Nursing Education Enrollment on the Rise

Enrollment in BSN, MSN and doctorate nursing programs elevated this past year, with increased nurses responding to the call to succeed the amount, based on new data in the American Association of Colleges of Nursing. Although nursing schools happen to be in a position to expand student capacity despite faculty and resource shortfalls, the most recent data demonstrated 75,857 qualified candidates to professional nursing education programs were averted this past year, including a lot more than 14,354 programs to graduate programs.

“With the [2010] release of the Institute of Medicine’s report on the future of nursing, the nation’s conversations about increasing the training degree of the nursing labor force are speeding up,” AACN President Kathleen Potempa, RN, PhD, FAAN, stated inside a news release. “Last year’s enrollment increases across all kinds of baccalaureate and graduate nursing education programs clearly indicate a powerful interest among student nurses in evolving the amount and developing the abilities required to thrive in contemporary care configurations.”

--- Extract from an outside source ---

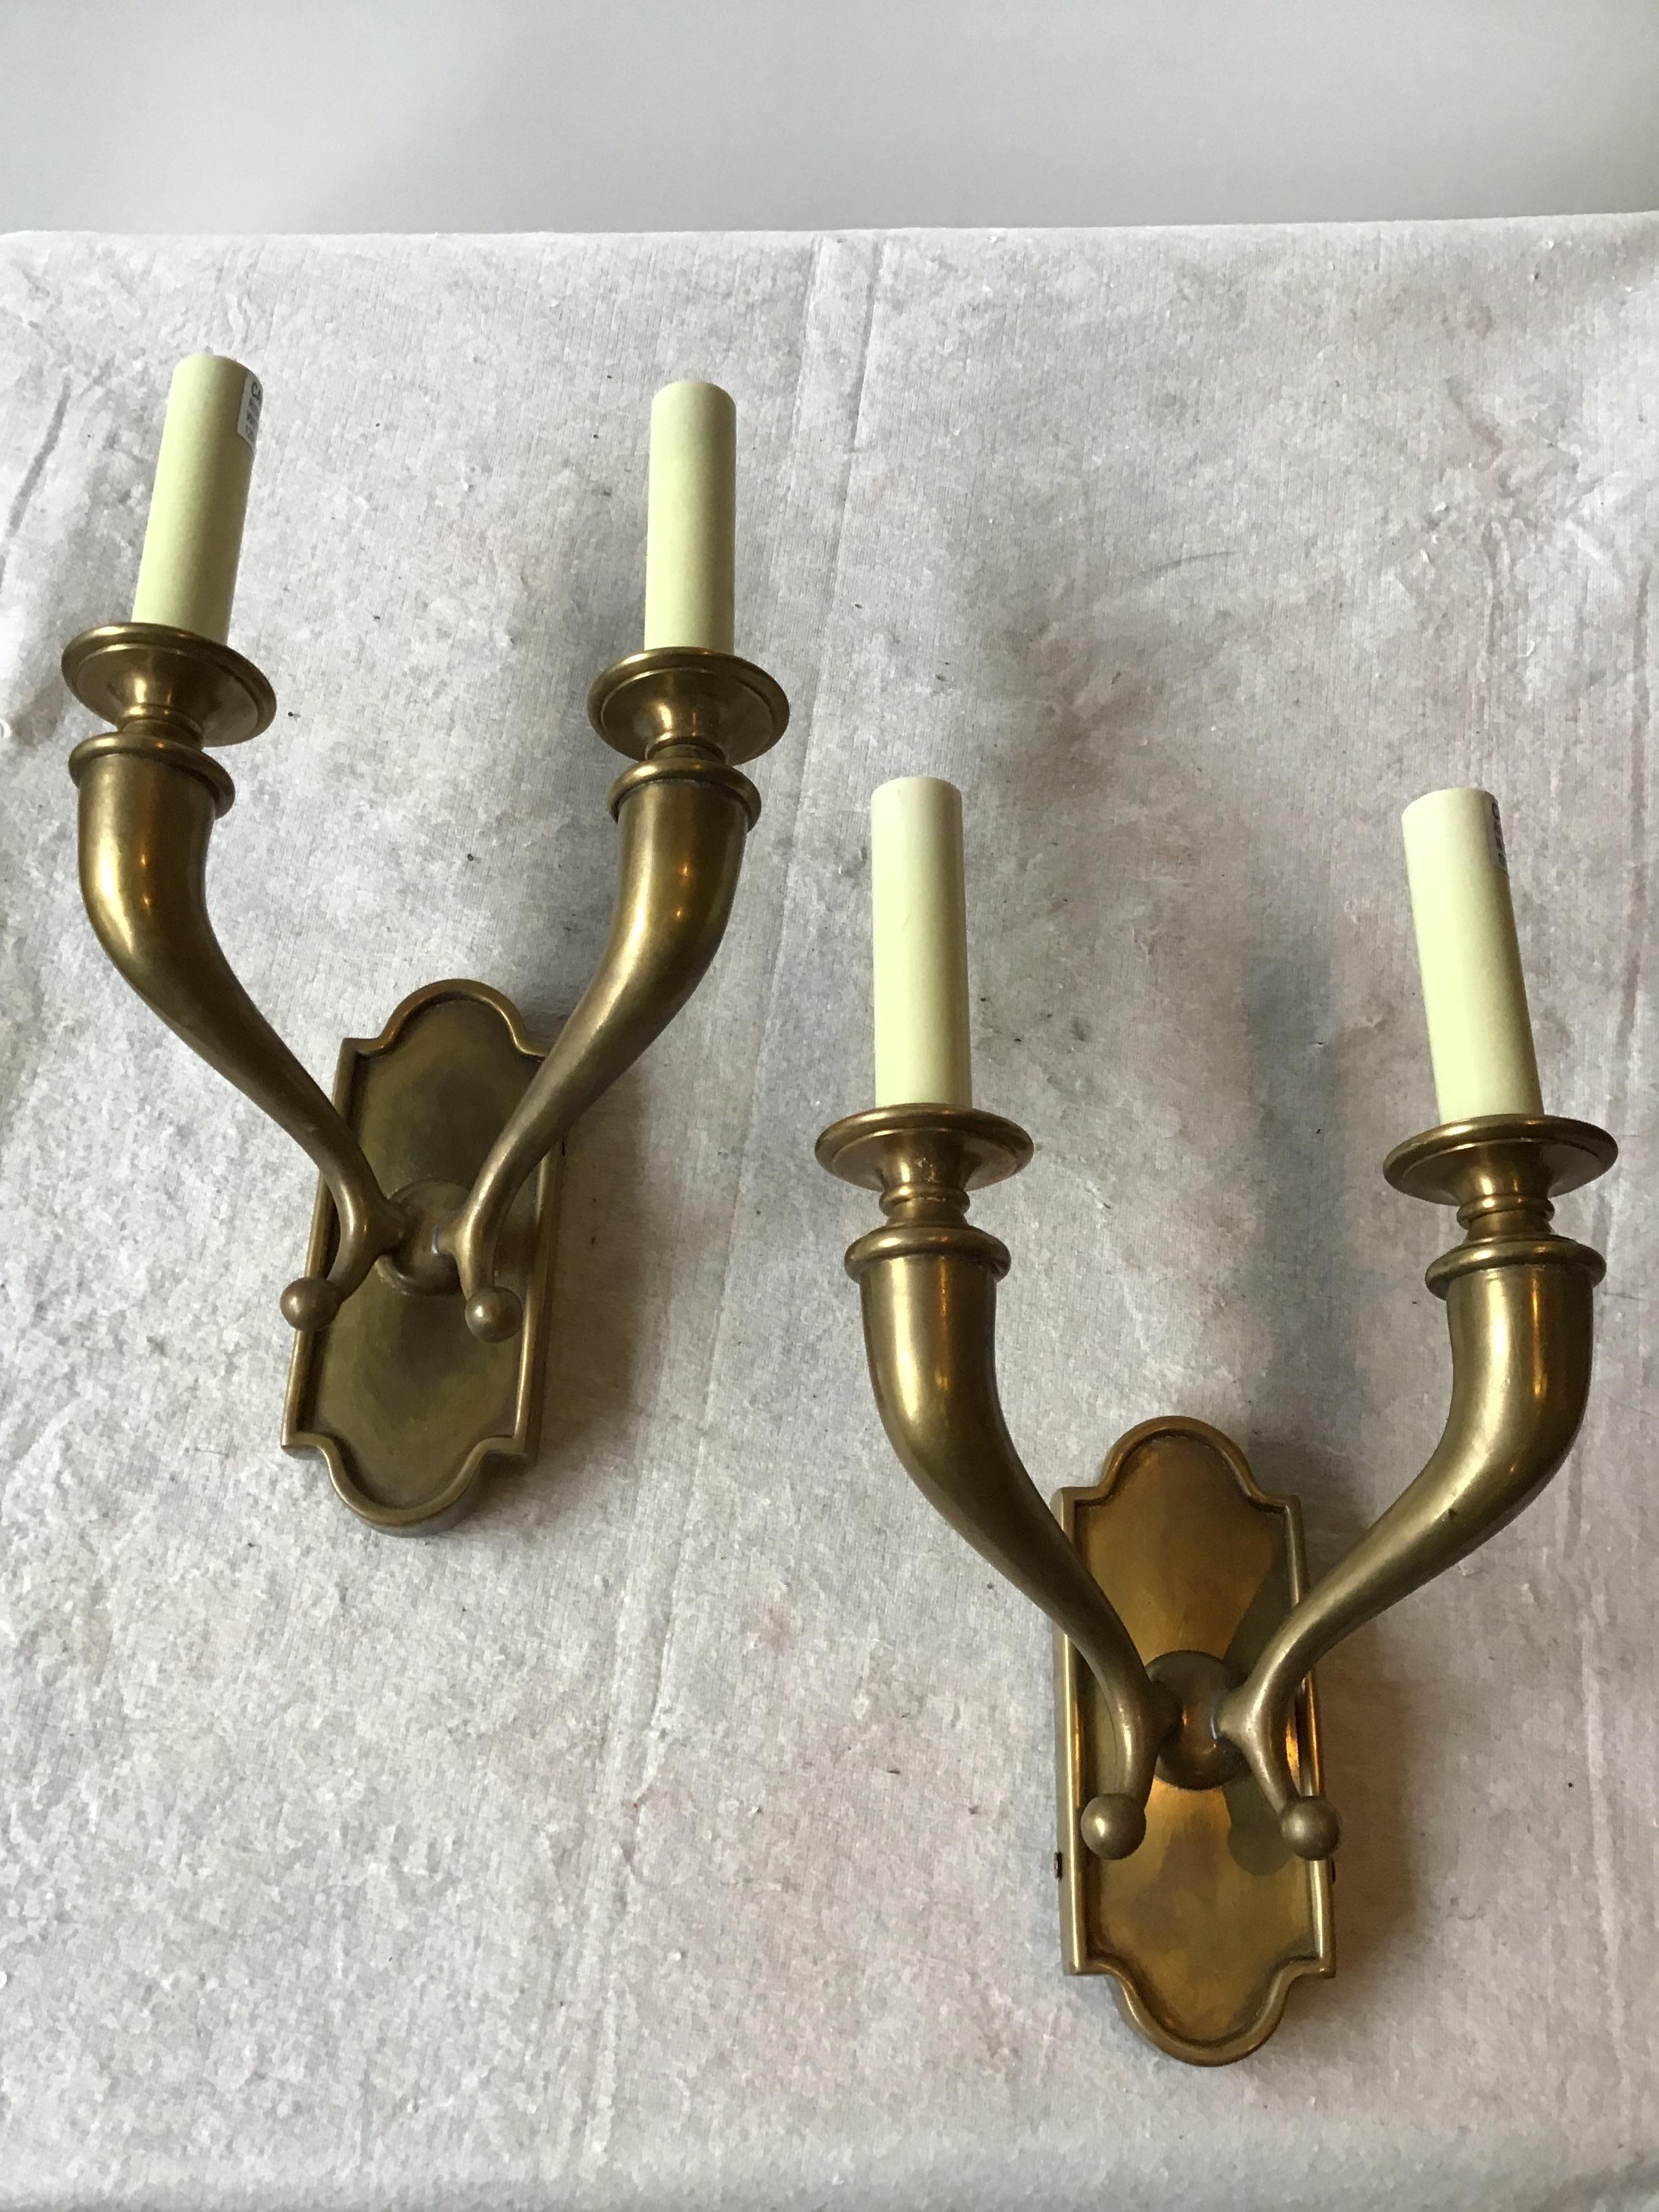 4 solid brass double arm classical sconces out of a Greenwich, Connecticut mansion. Sold in pairs.

The IOM has predicted that not less than 80% of the nursing labor force to carry a BSN degree by 2020, as well as for doubling of the amount of nurses with doctorates. AACN stated that applying the IOM recommendations will propel the nursing profession forward and set nurses in better positions being full partners in changing the country’s health care delivery system.

AACN’s latest survey findings update preliminary data introduced last December and see enrollment trends by evaluating data in the same schools confirming both in 2010 and 2011. Final survey data show enrollments in entry-level BSN programs elevated by 5.1% this year, a considerably greater percentage than was initially reported in December (3.9%).